Citri, A., & Malenka, R. C. (2008). Synaptic plasticity: multiple forms, functions, and mechanisms. Neuropsychopharmacology, 33(1), 18-41.
This article is about synaptic plasticity, a mechanism that involves synaptic transmission in the modification of brain activity. An understanding of the mechanisms underlying synaptic plasticity in various regions of the brain will better the knowledge on the neural basis of many elements of normal and pathological brain function.
Mnie-Filali, O., Abrial, E., Lambás-Señas, L., & Haddjeri, N. (2013). Long-term adaptive changes induced by antidepressants: From conventional to novel therapies. Mood Disorders, 145.
This is a chapter of a book that examines long-term changes that antidepressants induce in the treatment of major depressive disorder. The authors begin the chapter by providing statistics in the prevalence of MDD worldwide before it shifts focus to medications given to treat the condition. The article also notes the time lag that exists before the effects of antidepressants are observed. The chapter explores the therapeutic effects of various types of antidepressants, including SSRIs, MAOIs, and TCAs. Notable, the chapter links the effect of antidepressants on synaptic plasticity. The chapter provides details on the effects of various antidepressants, including fluoxetine on synaptic transmission.

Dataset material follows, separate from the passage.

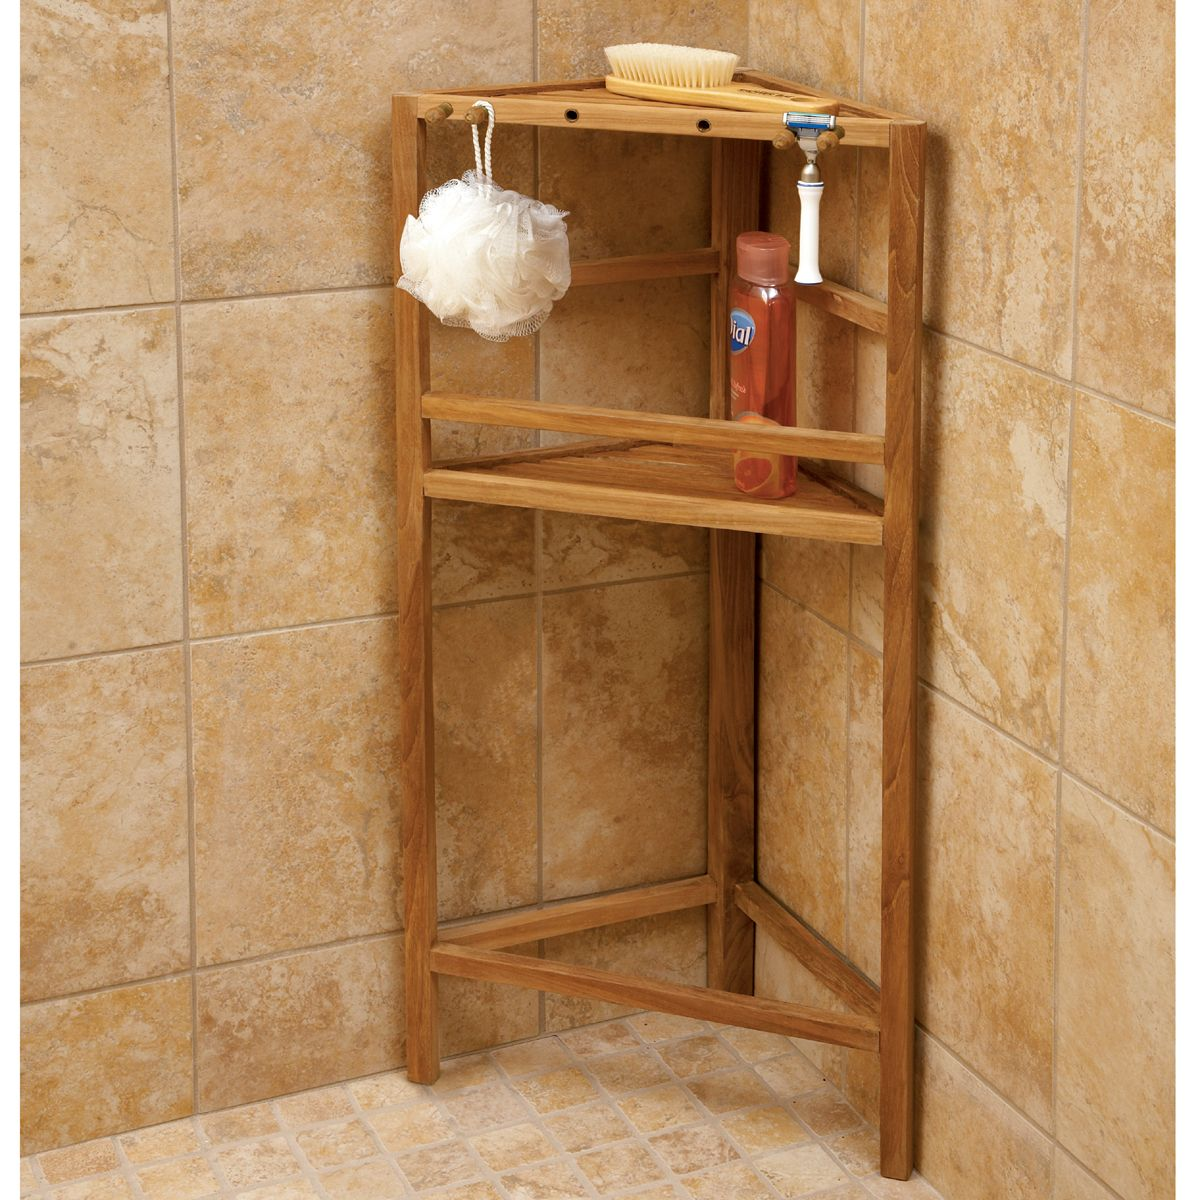 Teak Shower Shelving With Images Teak Shower Shelf Teak

Komlósi, G., Molnár, G., Rózsa, M., Oláh, S., Barzó, P., & Tamás, G. (2012). Fluoxetine (prozac) and serotonin act on excitatory synaptic transmission to suppress single layer 2/3 pyramidal neuron-triggered cell assemblies in the human prefrontal cortex. Journal of Neuroscience, 32(46), 16369-16378.
Like the article Kullyev et al. (2010), this article also focuses on the fluoxetine on synaptic transmission. The information in this article validates information contained in other studies contained in this review such as the link between depression and 5-HT signalling, the therapeutic effects of SSRIs, and role of synaptic transmission on cognition, motor and emotional control.
Kullyev, A., Dempsey, C. M., Miller, S., Kuan, C. J., Hapiak, V. M., Komuniecki, R. W., … & Sze, J. Y. (2010). A genetic survey of fluoxetine action on synaptic transmission in Caenorhabditis elegans. Genetics, 186(3), 929-941.
This article focuses on the effects of SSRI fluoxetine on synaptic transmission. Much of the information in the literature review section of this study correlate with that in other studies considered in this article. Examples include the role played by 5-HT signaling in emotion, cognition, and motor behavior; and the effects of SSRIs on 5-HT signaling. A focus on fluoxetine provides insights into the therapeutic effects of SSRIs in general.